June 7, 2021
What is frozen shoulder?
Frozen shoulder is a shoulder pain condition where there is significant loss of motion of the shoulder joint accompanied by stiffness. The shoulder joint is surrounded by the strong capsule and the main problem in this condition is believed to be the tightening of this capsule. The resulting pain is generally deep seated and poorly localised. It may be constant or present only at night when lying on the affected side. All movements of the joint are affected, especially the ones involving reaching straight up and rotation of joint such as while reaching behind the back.
Frozen shoulder is seen more commonly in women, especially between the ages of 40-60 years. Non-dominant side is more commonly involved, although in 20% to 30% of individuals both sides may be affected. Diabetics have five times more chances of developing this condition and about 30% of people with frozen shoulder have diabetes. Patients with overactive or underactive thyroid or those with shoulder immobilisation (such as after a fracture or stroke) are also at higher risk for developing frozen shoulder.
What is capsular hydrodistention?
Hydrodistention or dilatation or hydrodilatation is a non-surgical procedure aimed at stretching of the tight shoulder joint capsule. This is achieved by injecting saline or a mixture of saline, steroids and local anaesthetics under ultrasound or x-ray guidance. Ultrasound guidance is preferred as it is quicker, can be performed in the OPD and does not involve any radiation exposure. This procedure is an alternative to a surgical procedure – manipulation under anaesthesia (MUA), with some studies indicating better results with hydrodistention.
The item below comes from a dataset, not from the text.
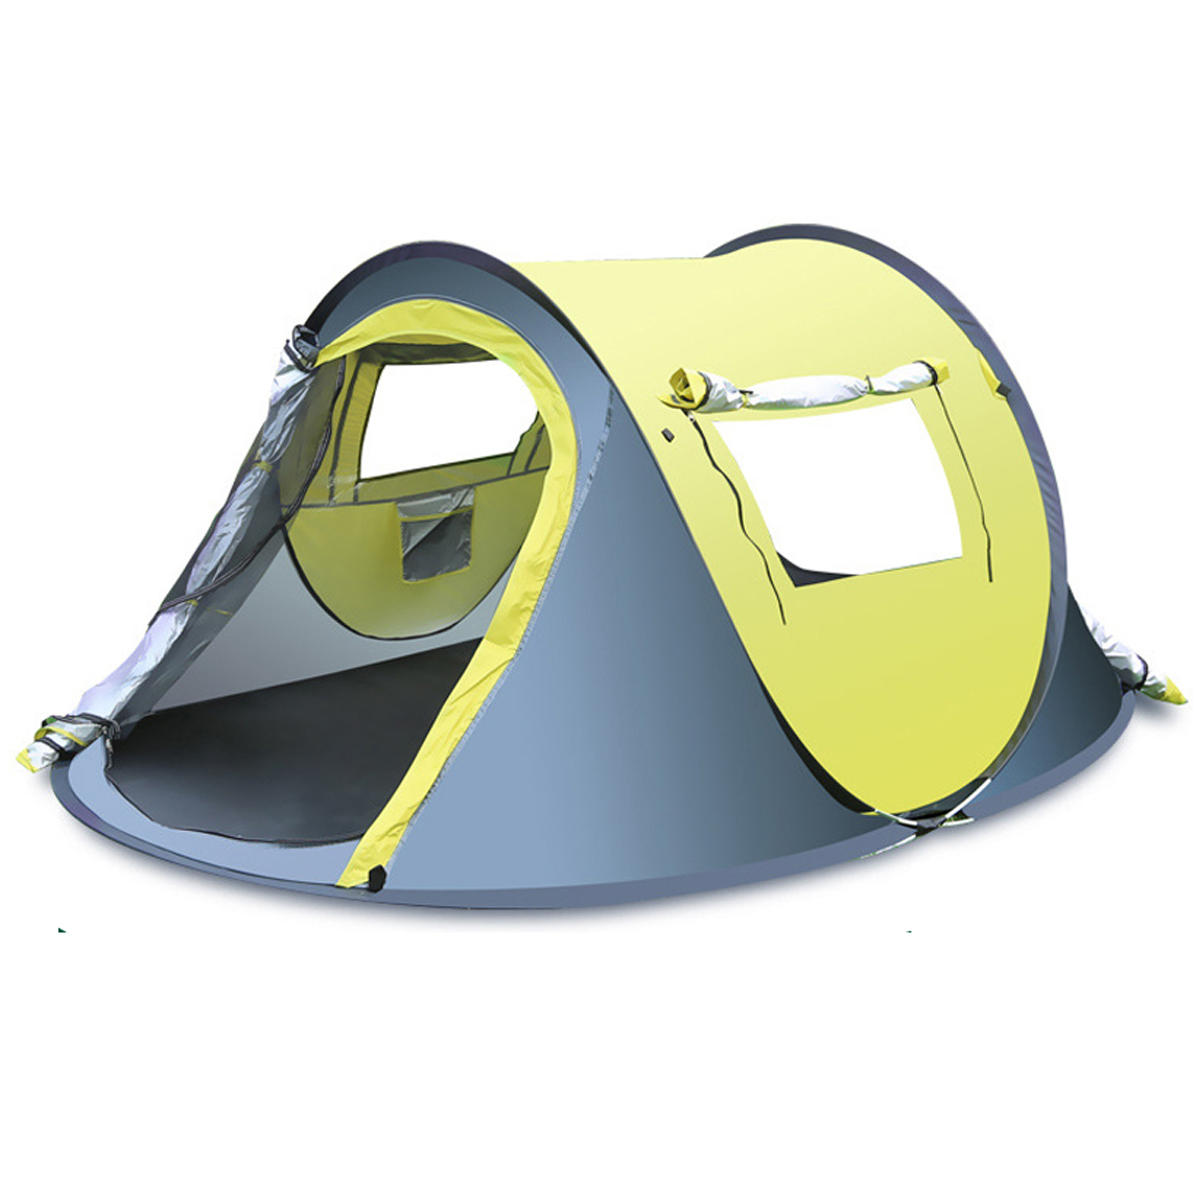 Gyors, automatikus kültéri sátor 3-4 főre, vízálló és esőálló, napvédővel, ideális kempingezéshez és túrázáshoz.

How is capsular hydrodistention performed?
I perform this procedure under ultrasound guidance in a sitting or lying position. The injection area is cleaned with antiseptic solutions. Ultrasound scan is performed to identify the shoulder joint, its capsule and plan the best pathway into the joint. Local anaesthetic is used to numb the injection site. A fine needle is introduced onto the surface of the shoulder joint under ultrasound guidance. A solution containing saline, local anaesthetic and steroid is then injected below the capsule. As the injection mixture is given, the capsule can be seen lifting off the joint. Once the injection is complete the needle is removed and a small dressing is placed over the injection site. The procedure takes about 20- 30 minutes to complete.
How does capsular hydrodistention work?
Hydrodistension is thought to have a mechanical effect of opening up the joint and releasing sticky adhesions within the joint, although the exact mechanism of action is debated. With stretching, the pressure inside the joint is reduced and the shoulder volume is increased. These effects can help in reducing pain, stiffness and improving the range of motion.
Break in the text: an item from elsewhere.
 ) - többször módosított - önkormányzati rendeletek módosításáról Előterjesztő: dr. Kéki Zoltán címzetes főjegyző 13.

There is research evidence supporting better outcomes with the combination of hydrodilatation with steroids and physiotherapy, compared to either of the modalities when used alone. Hydrodistension results are comparable or better to the surgical procedure manipulation-under-anaesthesia (MUA), although the risks are less. Diabetic patients with frozen shoulder have inferior outcomes and in these hydrodilatation is likely to be more beneficial. In case of incomplete recovery these patients can be considered for repeat injections.
The option of steroid injections directly into the joint is preferred over the oral steroid as they are associated with fewer side effects. Some studies have found that oral steroids are as much as 5 times more likely to give the typical steroid side effects one hears of, compared to the one-off joint injection. Also, the lack of long-term benefits makes oral steroids a less attractive option in this condition.